Action item »
Beginning with the first line, return the material verbatim and without pictures.

Given data »
Content starts

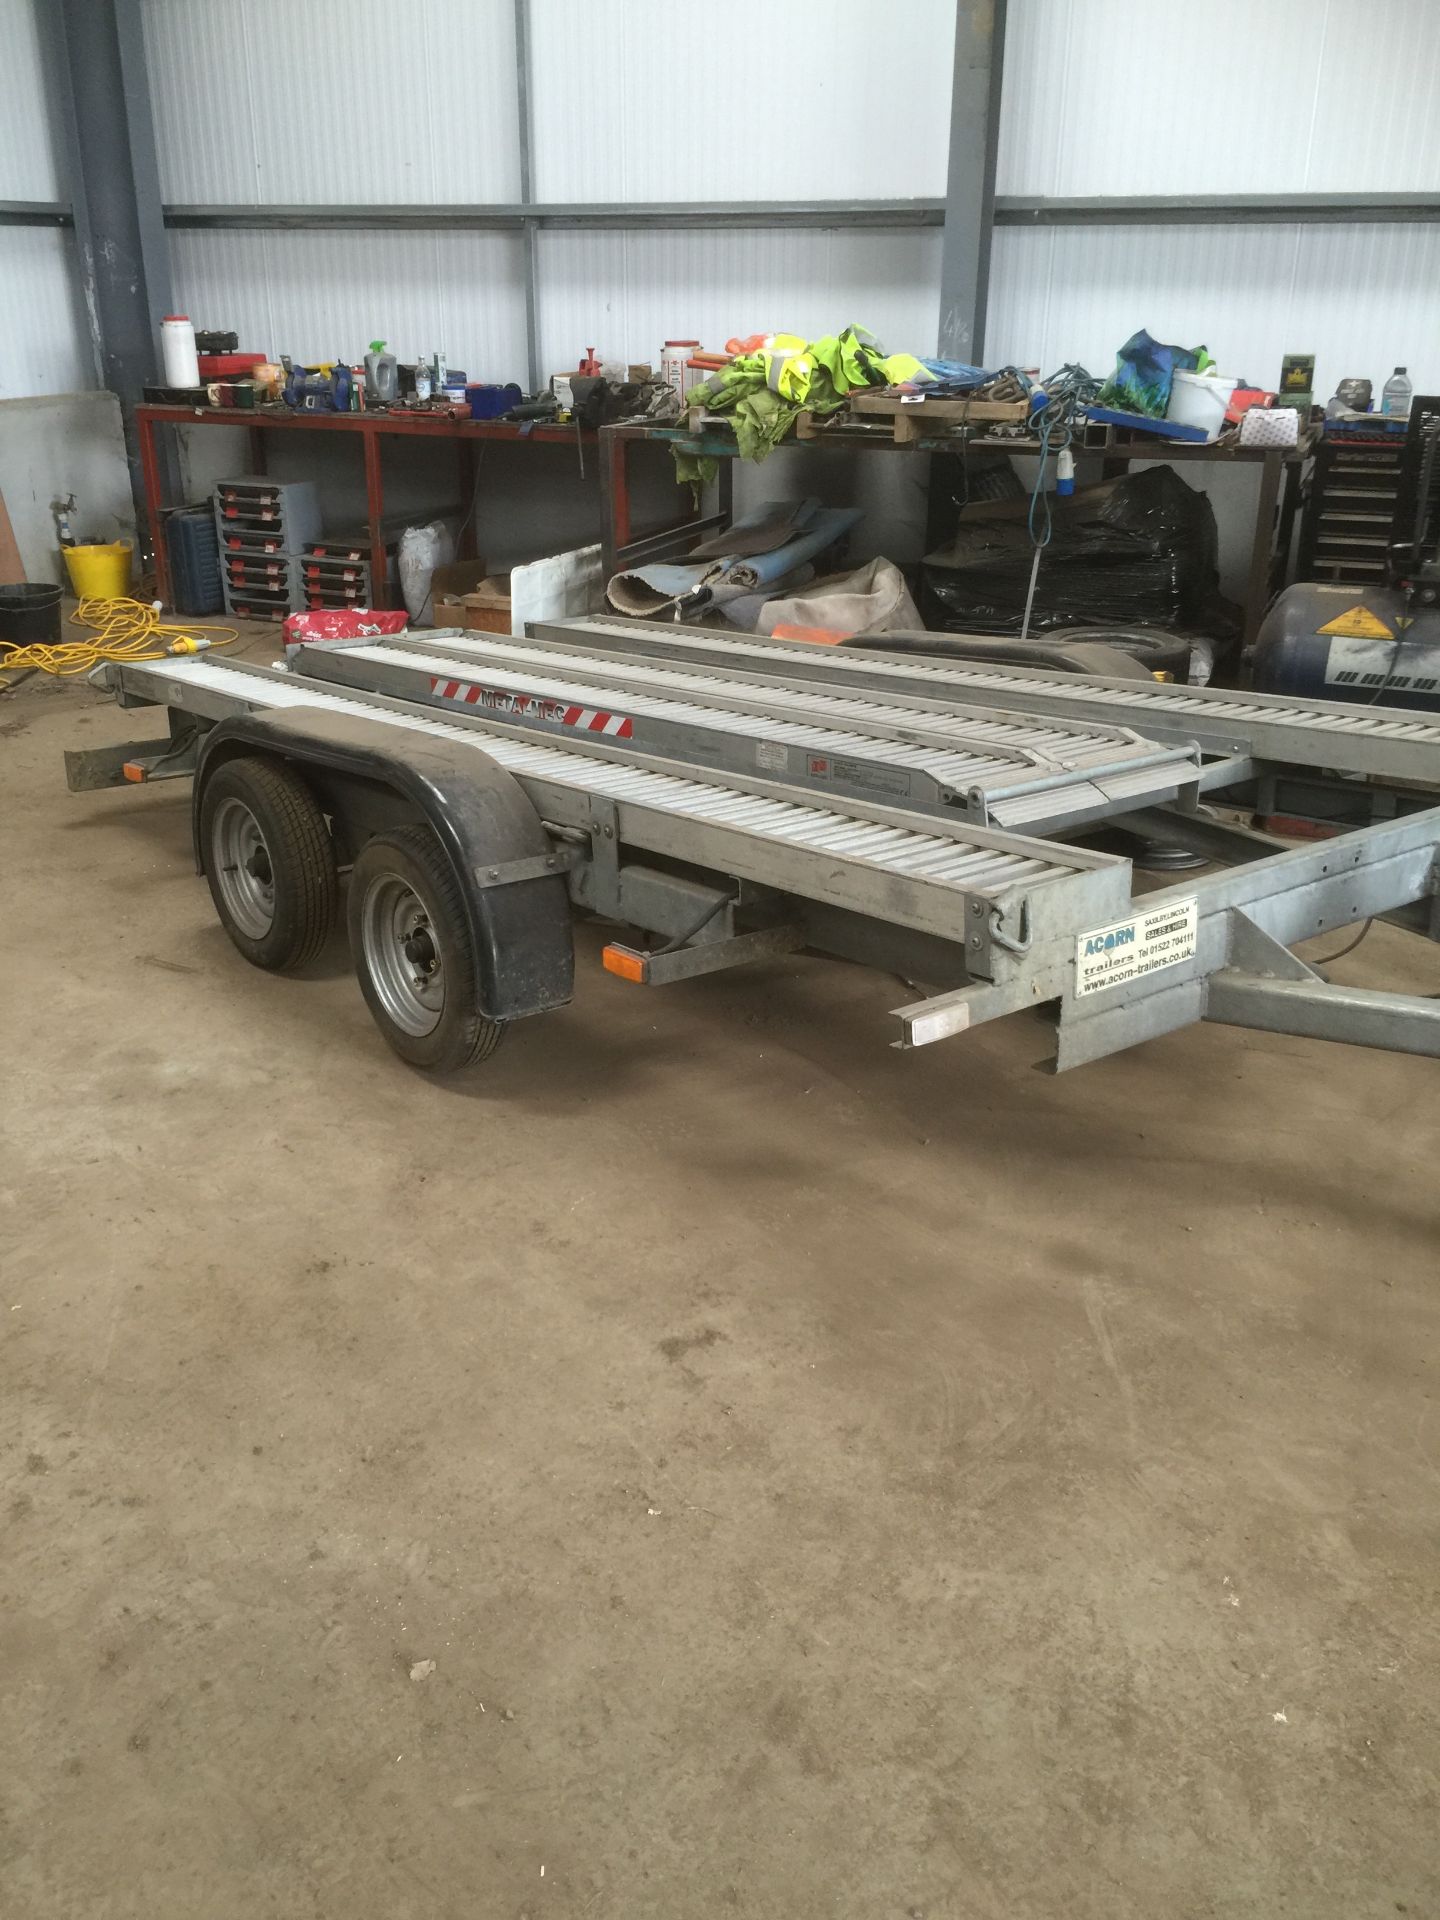 Twin Axel Car Trailer - Length - trailer bed 3.5m overall 4.8m - width - 2.01m - overall unladen - Image 2 of 6
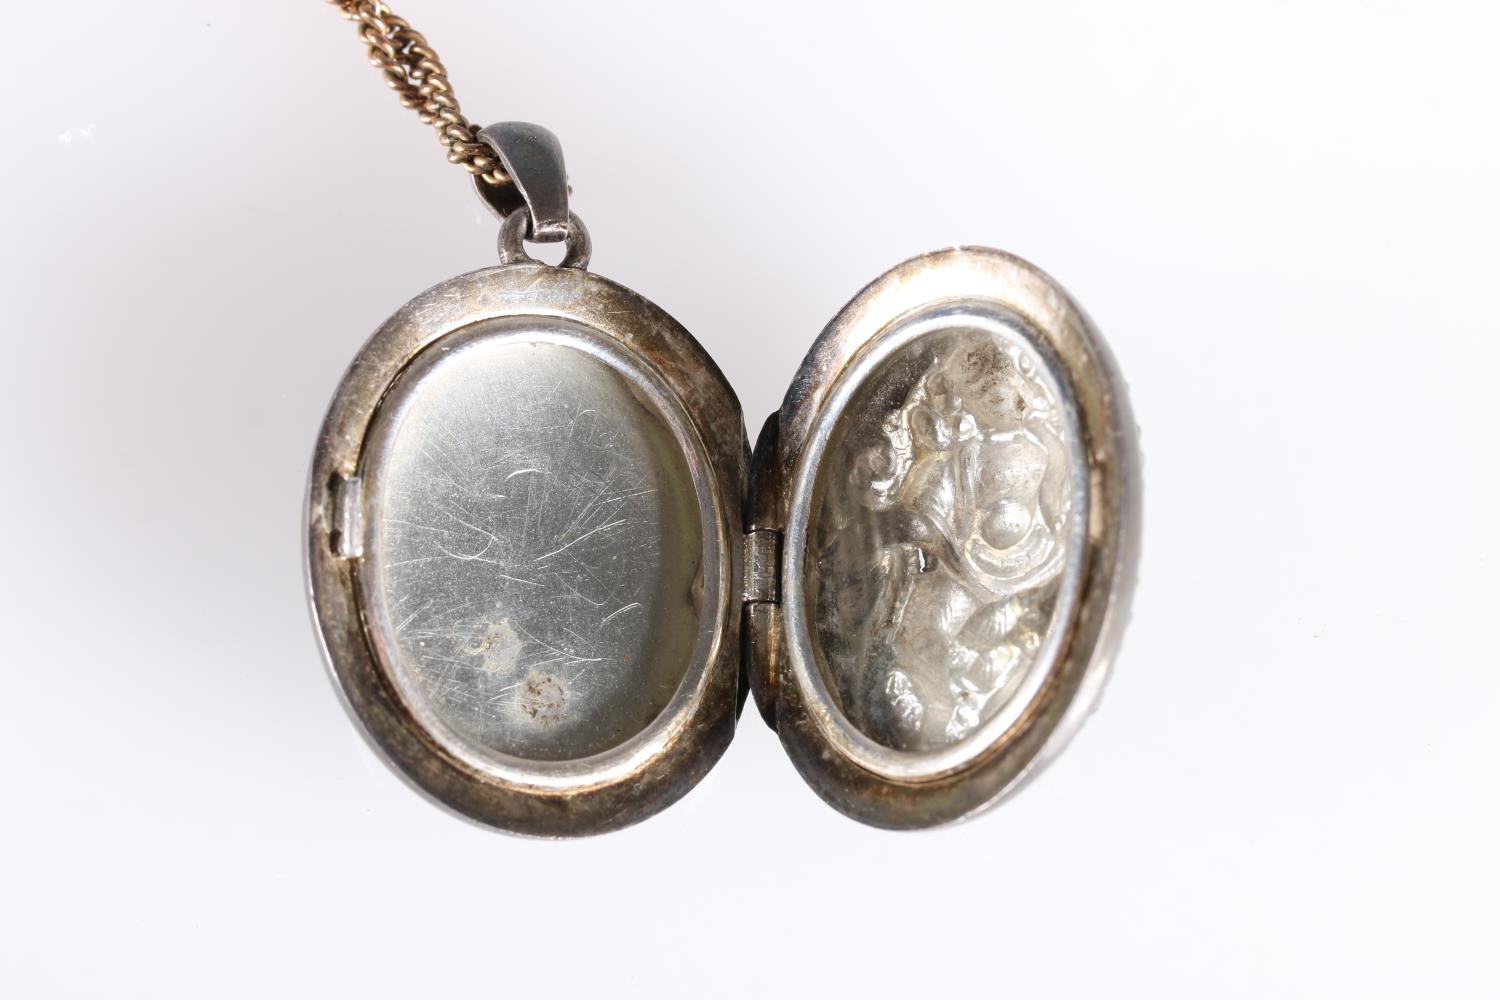 Late 19th early 20th century white metal locket with deity entwined by serpent to front, 3.5cm. - Image 3 of 3
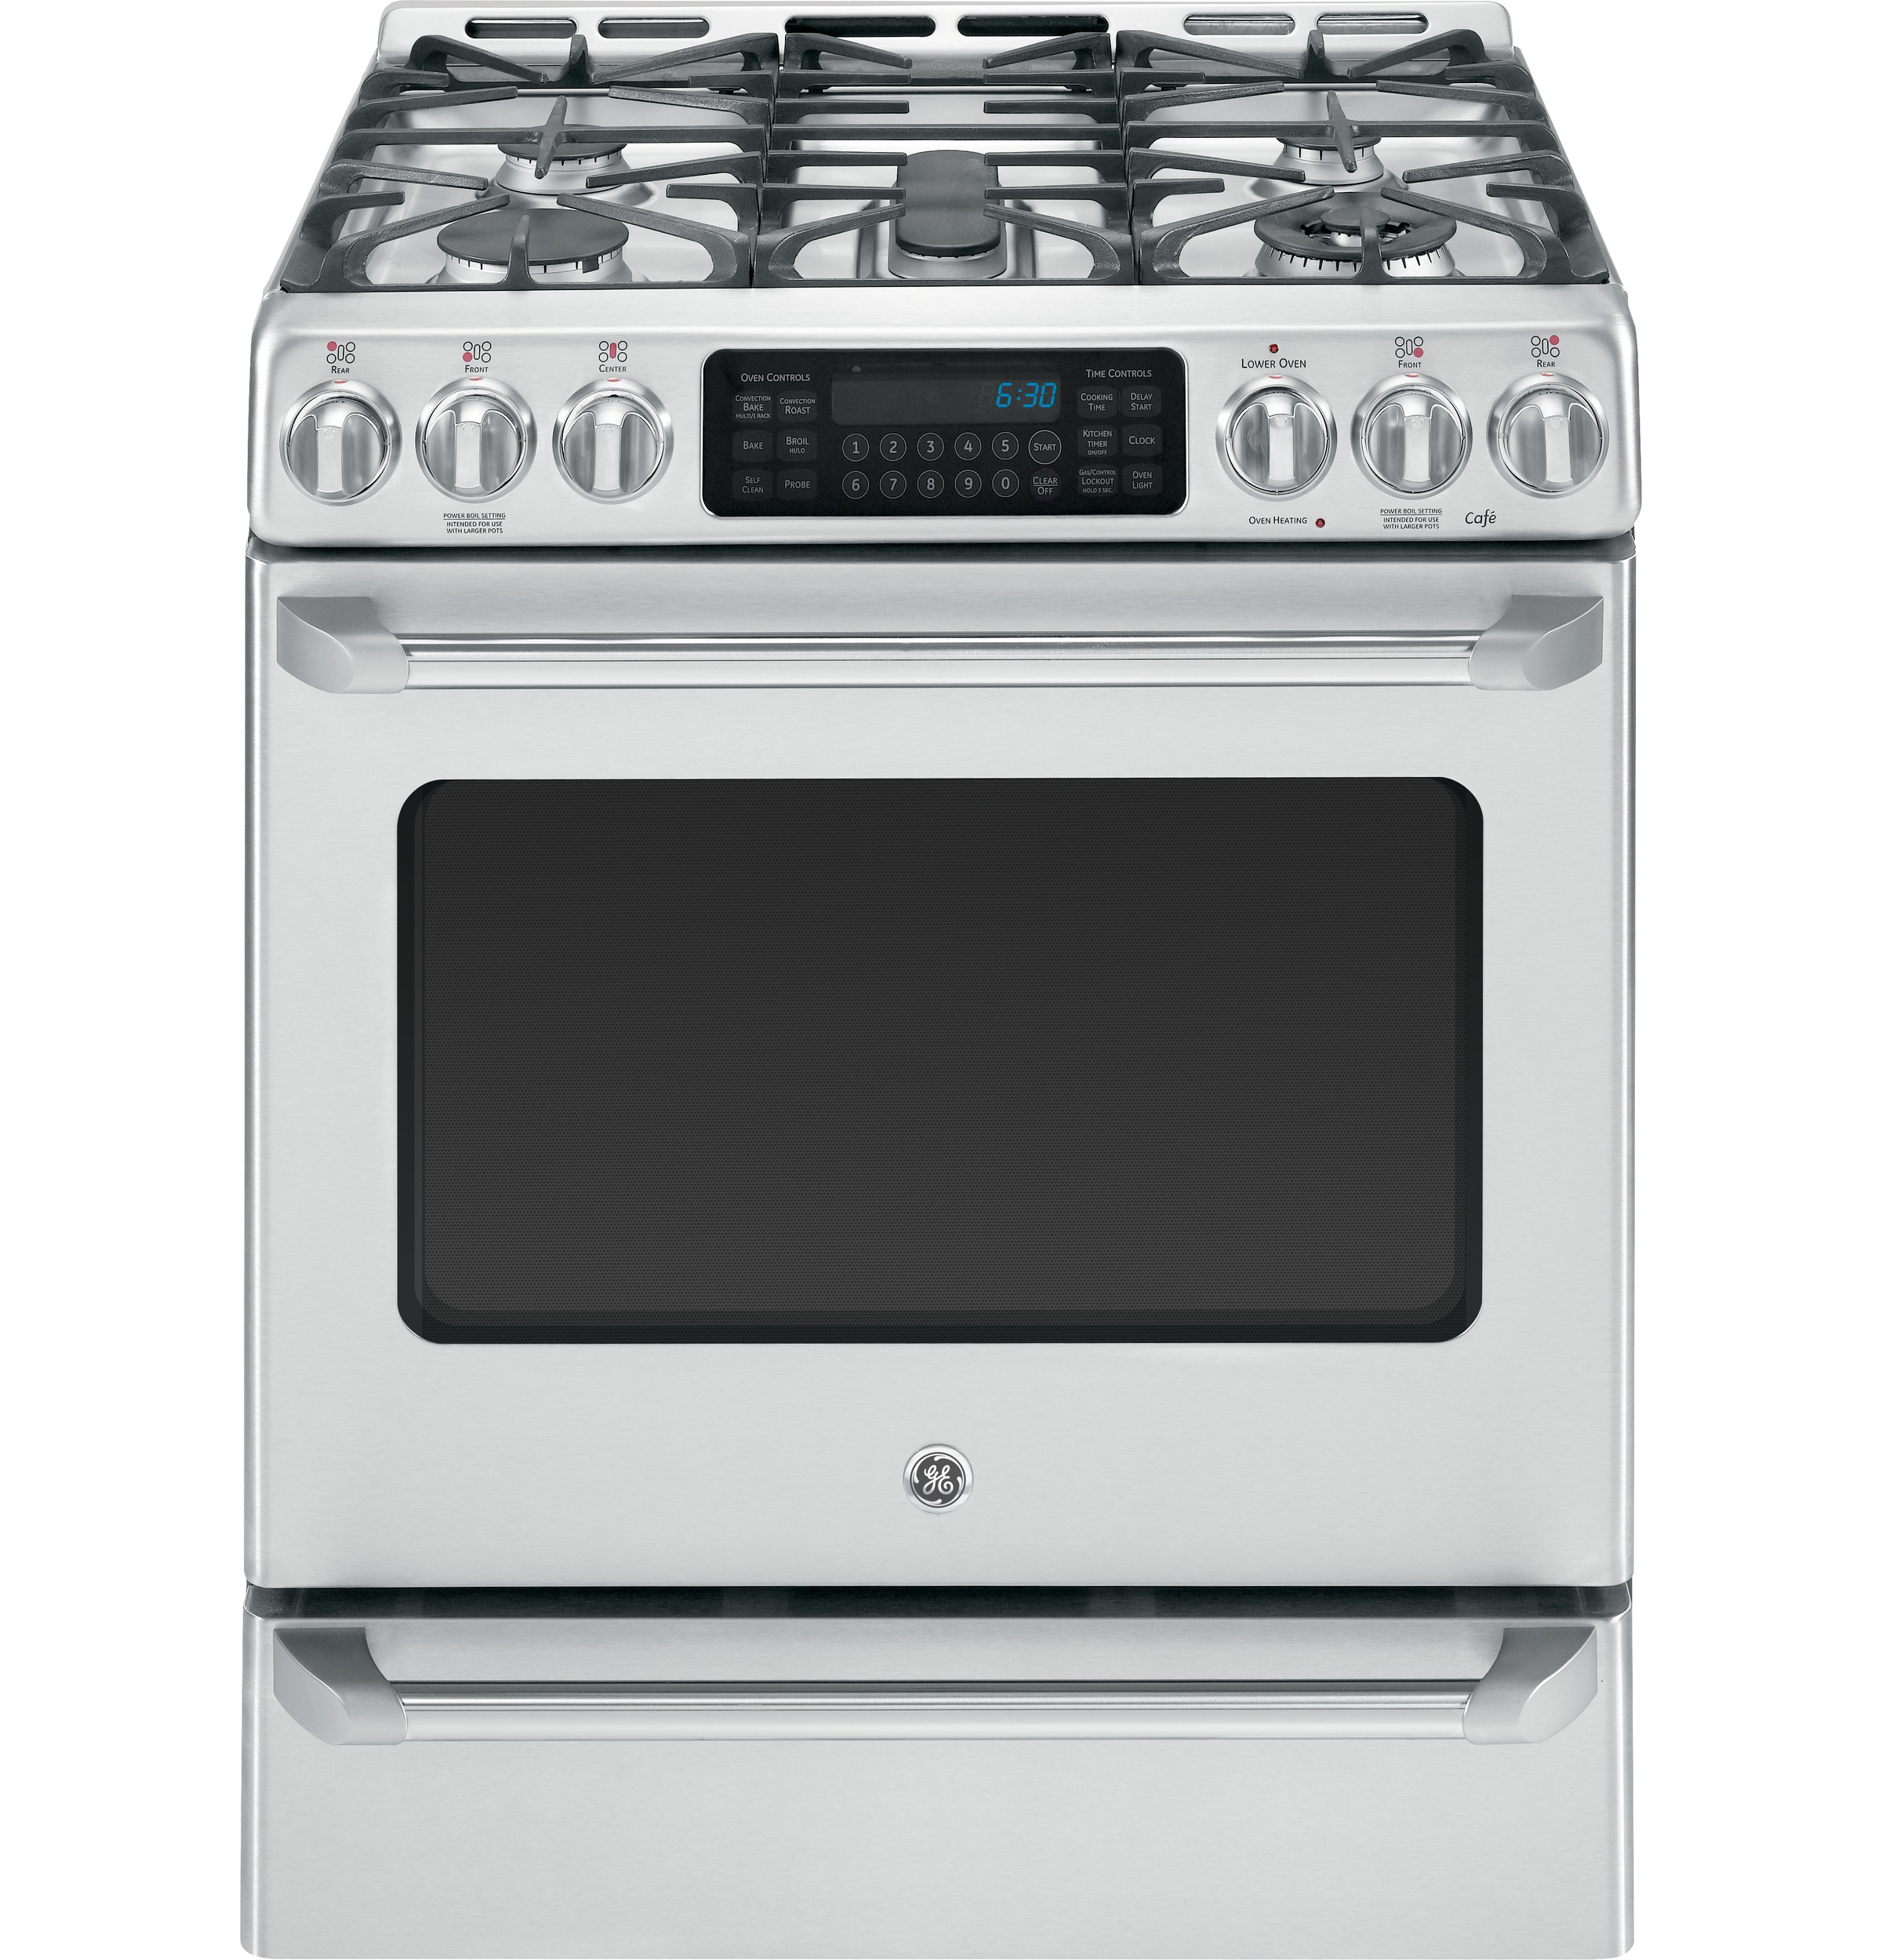 GE Cafe CGS985SETSS 6.4 cu. ft. Gas Range with Self-Cleaning Convection Ge Stainless Steel Stove Gas

Content ends

Written solution »
 Twin Axel Car Trailer - Length - trailer bed 3.5m overall 4.8m - width - 2.01m - overall unladen - Image 2 of 6
 Late 19th early 20th century white metal locket with deity entwined by serpent to front, 3.5cm. - Image 3 of 3
 GE Cafe CGS985SETSS 6.4 cu. ft. Gas Range with Self-Cleaning Convection Ge Stainless Steel Stove Gas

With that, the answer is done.